Items from a dataset
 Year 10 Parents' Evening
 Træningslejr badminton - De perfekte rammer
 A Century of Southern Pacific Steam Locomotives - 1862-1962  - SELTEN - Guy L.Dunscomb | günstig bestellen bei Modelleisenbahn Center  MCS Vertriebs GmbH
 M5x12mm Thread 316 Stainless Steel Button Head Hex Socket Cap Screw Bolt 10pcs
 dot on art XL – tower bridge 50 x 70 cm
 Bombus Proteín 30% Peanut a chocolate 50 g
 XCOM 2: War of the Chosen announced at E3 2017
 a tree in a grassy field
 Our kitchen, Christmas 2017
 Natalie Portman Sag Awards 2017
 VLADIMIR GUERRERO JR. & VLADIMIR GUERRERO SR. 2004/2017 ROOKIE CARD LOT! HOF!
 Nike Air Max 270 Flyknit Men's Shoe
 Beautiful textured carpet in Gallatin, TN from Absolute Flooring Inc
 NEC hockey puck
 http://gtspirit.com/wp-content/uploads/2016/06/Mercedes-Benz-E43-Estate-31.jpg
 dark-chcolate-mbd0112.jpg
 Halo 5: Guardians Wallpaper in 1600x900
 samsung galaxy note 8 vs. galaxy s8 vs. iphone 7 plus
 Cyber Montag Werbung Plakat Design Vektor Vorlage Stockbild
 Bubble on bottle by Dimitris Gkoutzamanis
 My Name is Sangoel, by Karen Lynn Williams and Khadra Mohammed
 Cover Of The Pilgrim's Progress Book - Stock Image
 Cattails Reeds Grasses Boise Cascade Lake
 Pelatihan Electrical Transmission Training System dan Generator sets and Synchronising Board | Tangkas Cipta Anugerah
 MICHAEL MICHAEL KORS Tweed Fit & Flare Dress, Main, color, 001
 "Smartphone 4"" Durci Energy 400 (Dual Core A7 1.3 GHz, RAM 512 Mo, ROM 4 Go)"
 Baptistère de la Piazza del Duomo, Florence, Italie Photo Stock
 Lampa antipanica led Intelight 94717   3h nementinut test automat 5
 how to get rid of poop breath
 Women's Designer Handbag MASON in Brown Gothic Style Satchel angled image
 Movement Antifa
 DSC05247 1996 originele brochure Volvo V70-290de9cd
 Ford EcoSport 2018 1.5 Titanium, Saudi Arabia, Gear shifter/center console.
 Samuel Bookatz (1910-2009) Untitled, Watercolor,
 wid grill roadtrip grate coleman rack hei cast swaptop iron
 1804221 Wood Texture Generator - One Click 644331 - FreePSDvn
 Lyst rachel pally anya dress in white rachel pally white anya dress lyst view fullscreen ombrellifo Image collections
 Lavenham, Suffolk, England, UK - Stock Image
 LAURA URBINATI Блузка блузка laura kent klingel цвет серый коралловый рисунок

## Work instruction
Your answer should be the exact lines above from the one with "Bombus Proteín 30% Peanut a chocolate 50 g" through the one with "NEC hockey puck", both included, and nothing besides.

## Task result
 Bombus Proteín 30% Peanut a chocolate 50 g
 XCOM 2: War of the Chosen announced at E3 2017
 a tree in a grassy field
 Our kitchen, Christmas 2017
 Natalie Portman Sag Awards 2017
 VLADIMIR GUERRERO JR. & VLADIMIR GUERRERO SR. 2004/2017 ROOKIE CARD LOT! HOF!
 Nike Air Max 270 Flyknit Men's Shoe
 Beautiful textured carpet in Gallatin, TN from Absolute Flooring Inc
 NEC hockey puck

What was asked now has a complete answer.